Parallel Algorithms (WISM 459), 2011/2012
Teacher
Rob Bisseling
Time and place
Every Wednesday from 10.15-13.00 hour at
Utrecht University, campus De Uithof.
Location of lectures: room 611 Mathematics building.
First lecture: September 7, 2011.
Last lecture: December 14, 2011.
Each session consists of 2 times 45 min. lectures and one exercise class
(or computer laboratory class, or question session) of 45 min.
Note that class always starts at 10.15 hour,
because it is part of Mastermath.
Intended audience
This is a Master's course which is an elective course for students
of the Master's programme Mathematical Sciences
of Utrecht University specialising in Scientific Computing.
(As of September 1, 2011, Scientific Computing is a specialisation of this 2-year programme.)
The course is recommended for students in Mathematics or Computer Science
who are interested in scientific computing
and would like to obtain a first `hands-on experience'
in parallel programming.
It is also highly suitable for the Honours master
programme in Theoretical Physics and Mathematical Sciences
and for students interested in Computational Physics.
If you consider taking this course as part of a Bachelor's degree,
please contact the teacher first about the prerequisites.
The course is part of the Dutch National Master
Mastermath and
hence is open for all interested master students in Mathematics
in the Netherlands.
Registration for everybody is through Mastermath.
Course aim
Students will learn how to design a parallel algorithm for a
problem from the area of scientific computing
and how to write a parallel program that
solves the problem.
Credits
You get 8 ECTS credit points.
Contents
Today, parallel computers are appearing on our desktops.
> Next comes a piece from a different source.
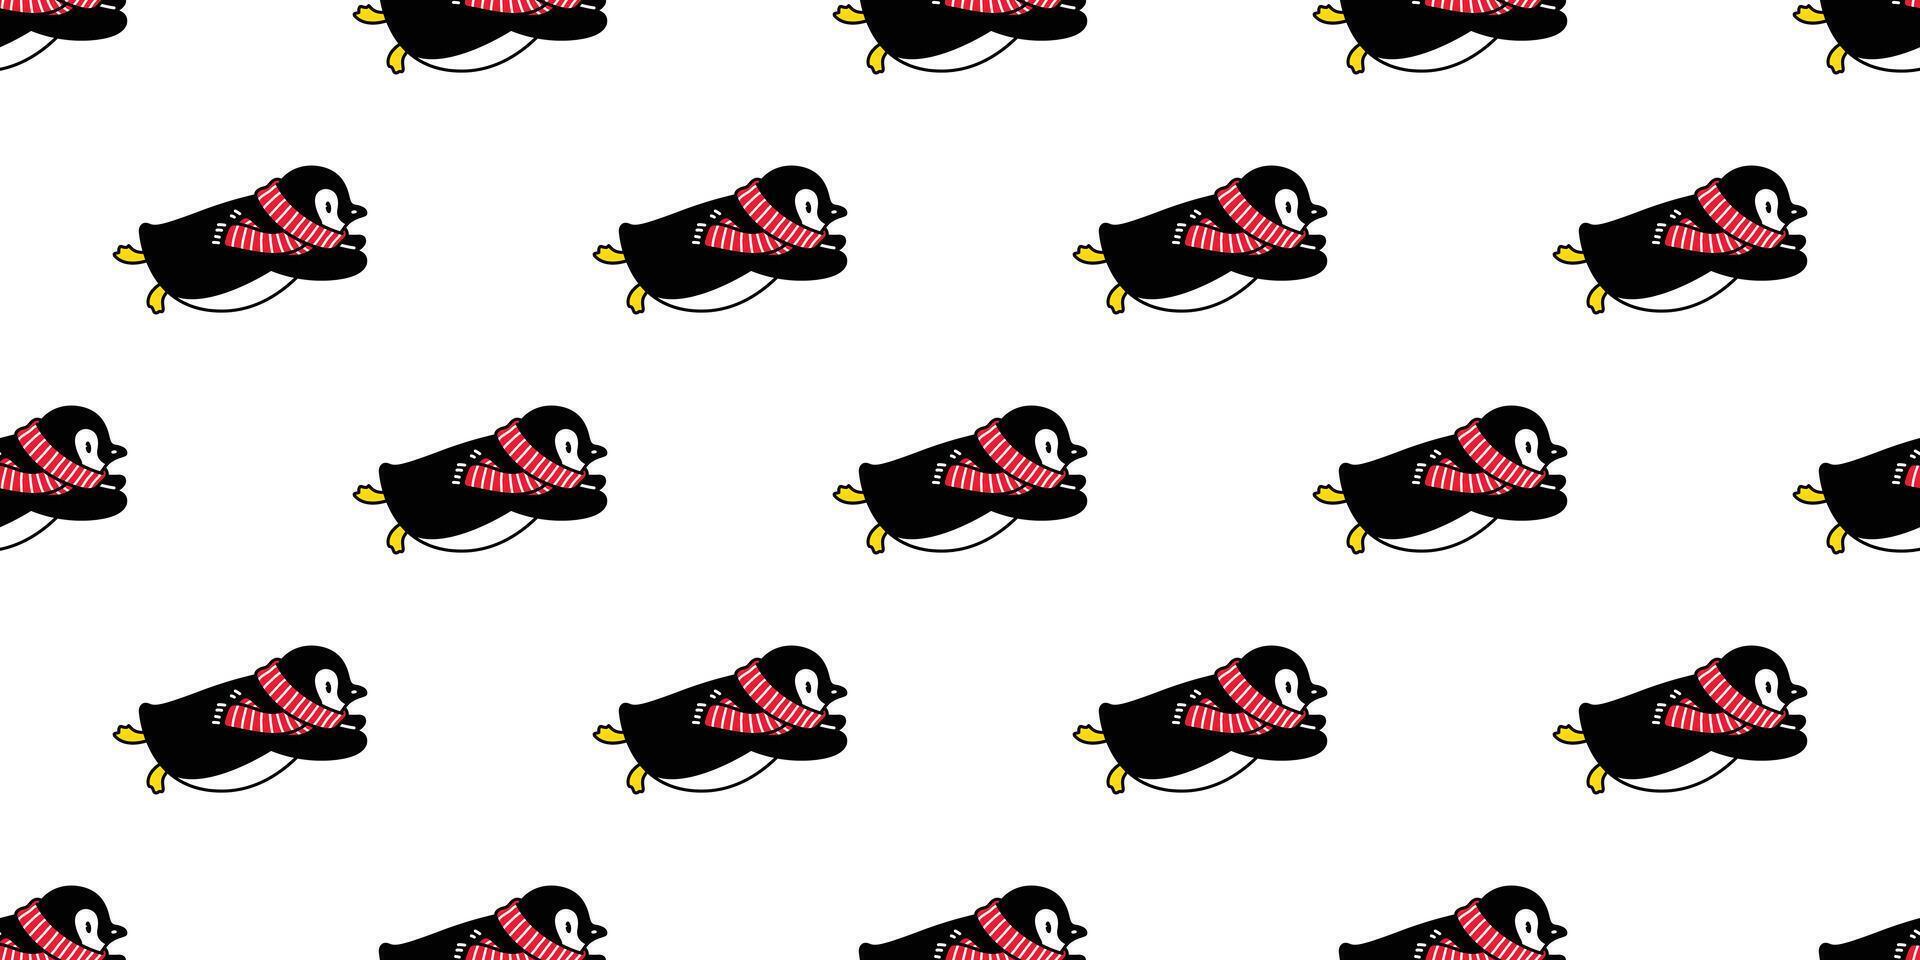 penguin Seamless pattern christmas santa claus hat bird cartoon scarf isolated repeat wallpaper tile background illustration doodle design vector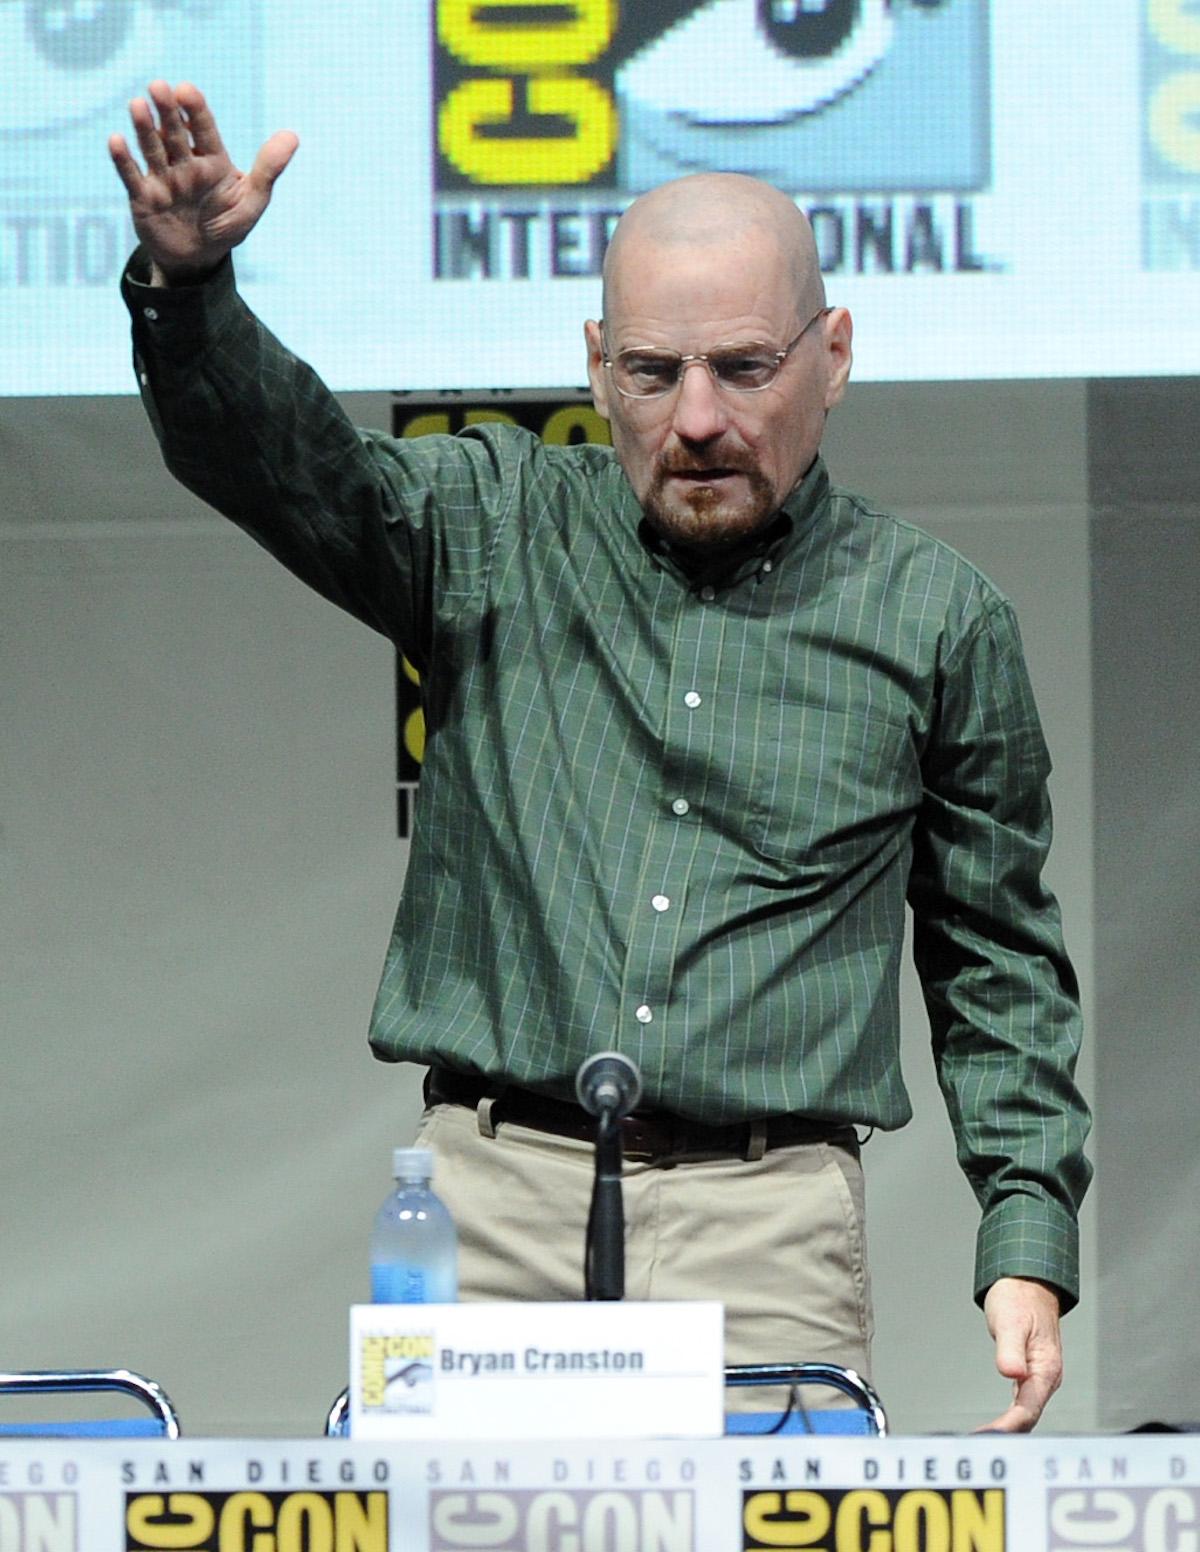 Actor Bryan Cranston wears a Walter White mask onstage at the "Breaking Bad" panel during Comic-Con International 2013 at San Diego Convention Center in San Diego, California on July 21, 2013. (Kevin Winter/Getty Images)

The advent of dual-core and quad-core computers and the expected increase
in the number of cores in the coming years, inevitably will cause a major change
in our approach to software, such as the software we use in scientific computations.
Parallel computers drastically increase our computational capabilities
and thus enable us to model more realistically in many application areas.
To make efficient use of parallel computers, it is necessary to reorganise
the structure of our computational methods.
In particular, attention must be paid to the division of work
among the different processors solving a problem in parallel
and to the communication between them. Suitable parallel algorithms and systems
software are needed to realise the capabilities of parallel computers.
We will discuss extensively the most recent developments in the area
of parallel computers, ranging from multi-core desktop PCs,
to clusters of PCs connected by switching devices,
to massively parallel computers with distributed memory
such as our national supercomputer Huygens at SARA in Amsterdam.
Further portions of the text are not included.